# La Pavoni heating element



## yttria (Apr 17, 2013)

It looks like the heating element has gone in my Europicola. It was turned on whilst empty (the perpetrator was trying to make me a coffee so I can't get too angry) and if plugged in the house electrics now trip out. I have checked the resistance across the heating element terminals (55.5 ohm) which does not match the values reported on the web; all other components appear to be ok.

The question is - How to source/repair?

I don't seem to be able to find a suitable element (post millennium model) but there is an option to remove the old component from the base plate, clear the holes and fit a new element available via ebay (Ebay member = Lapitude).

Any advice would be warmly welcomed?


----------



## El carajillo (Mar 16, 2013)

Not familiar with that machine but check between terminals and outside of heating element.

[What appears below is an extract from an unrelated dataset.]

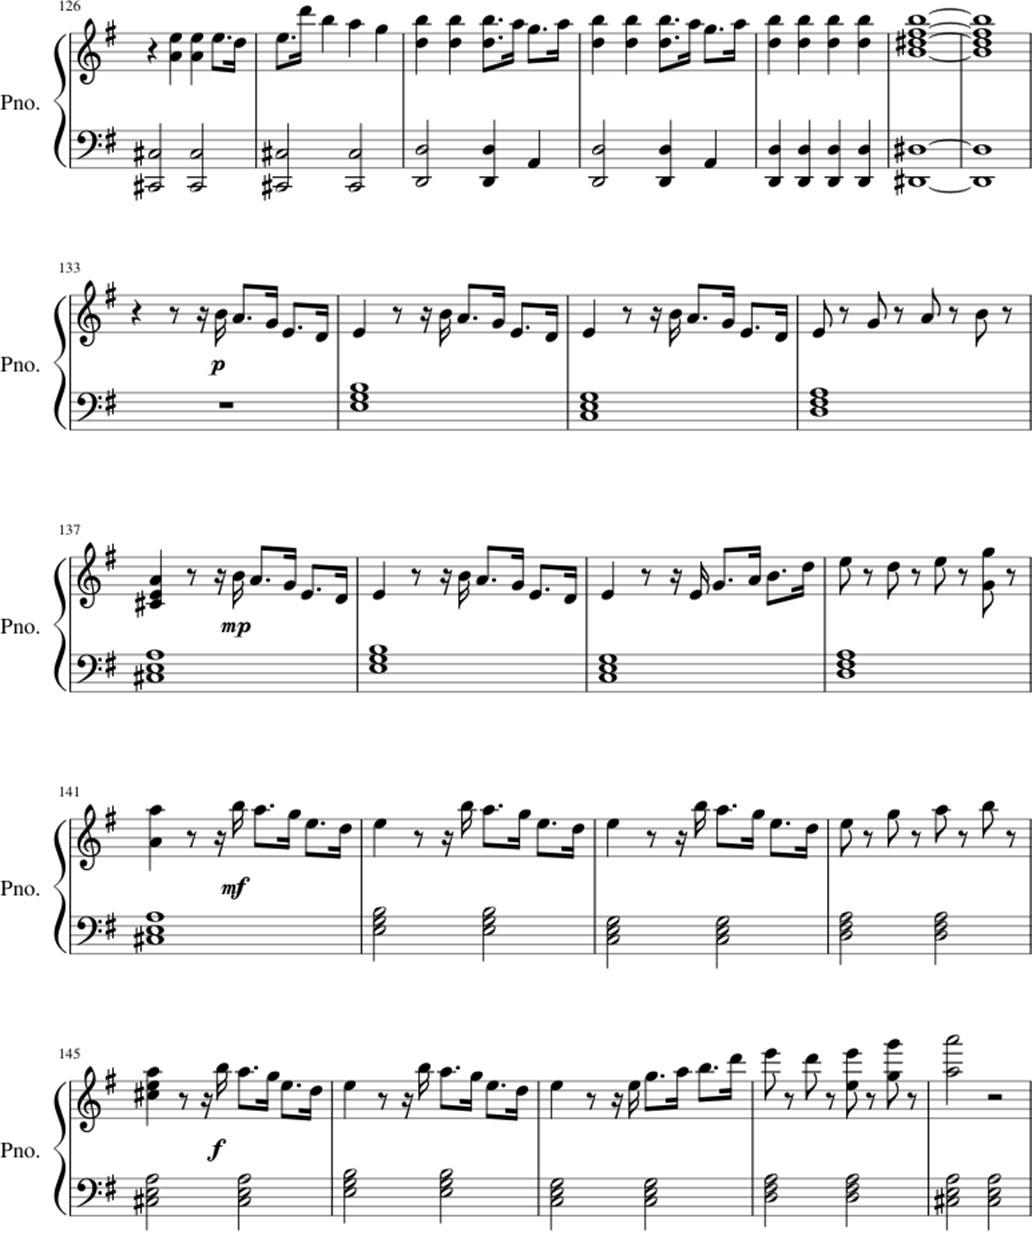 Unity sheet music notes 6

With your reading it does not sound as if it has gone down to earth, it could "possibly" be something else. Tripping the electrics sounds like a down to earth problem.


----------



## yttria (Apr 17, 2013)

Thanks for the suggestion; I performed your test and as you say, the element had not burnt out. Following this, I stripped it to the bare bones and cleaned each and every connection, checked all components...... put it back together and hey presto - fixed.

Worried as I don't know what caused the problem but relieved because I am drinking good coffee once more.


----------



## El carajillo (Mar 16, 2013)

Have you checked the cable for kinks bends damage, also check inside the plug for loose odd strands of wire?


----------